Indian actress and model (born 1988)

Akanksha Puri (born 26 July 1988) is an Indian actress and model, who prominently works in Hindi, Tamil, Malayalam and Kannada films. Along with few television shows. She is best known for her role as Goddess Parvati in Vighnaharta Ganesh.
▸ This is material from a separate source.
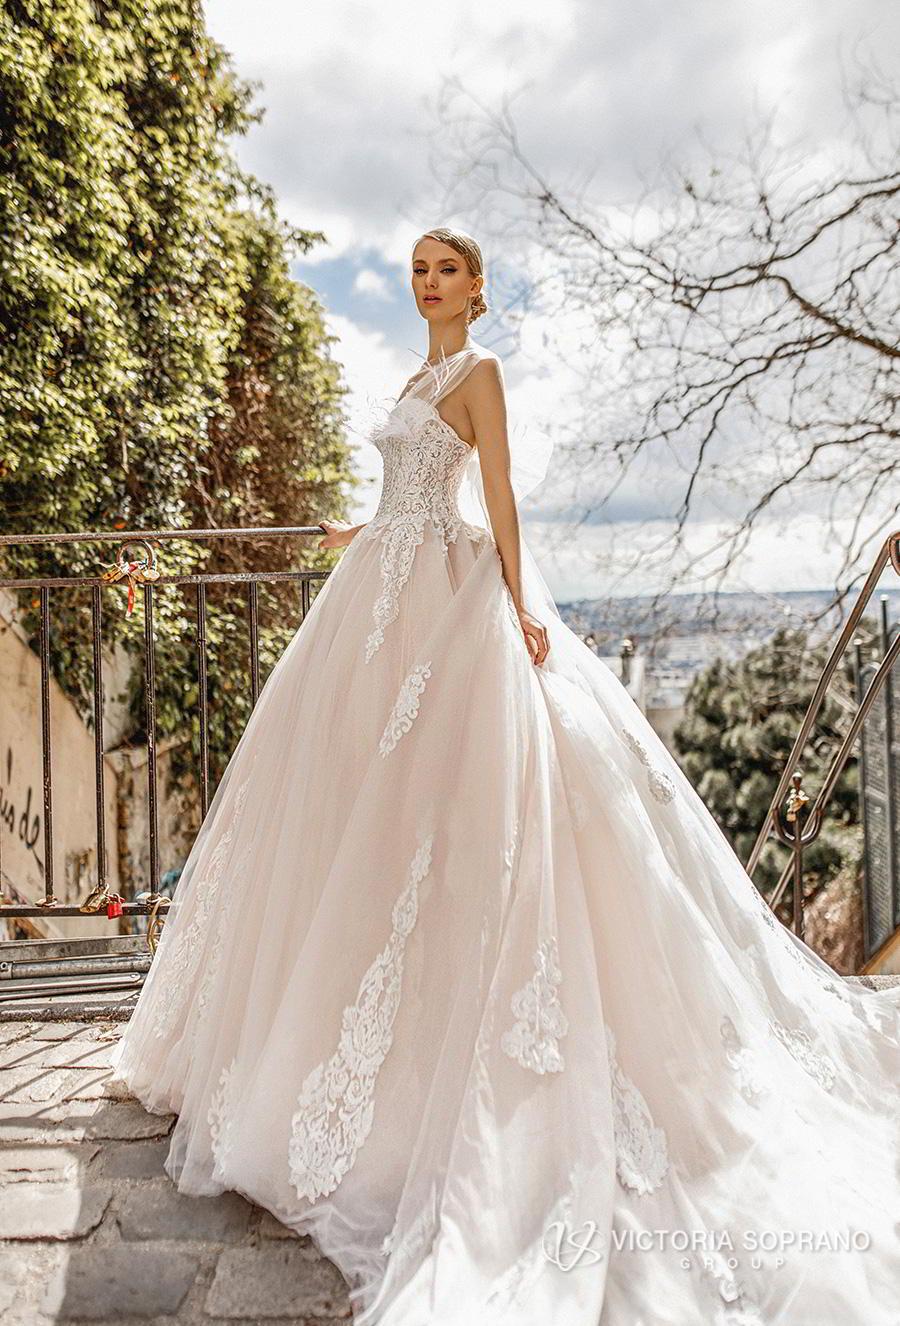 victoria soprano 2019 bridal sleeveless sheer strap sweetheart neckline heavily embellished bodice princess blush ball gown wedding dress royal train (jakline) sdv

Puri was a contestant on the reality TV show Bigg Boss OTT Hindi - Season 2 and entered the show in June 2023 with 12 other contestants

==Career==
Puri took up modelling projects during her short stint as an international cabin crew member in Kingfisher Airlines, when she even got a role in one of Vasan Eye Care 2011 advertisements. She was then spotted by Studio Green who bagged her for a role in the 2013 Tamil action comedy Alex Pandian through which she made her first film debut.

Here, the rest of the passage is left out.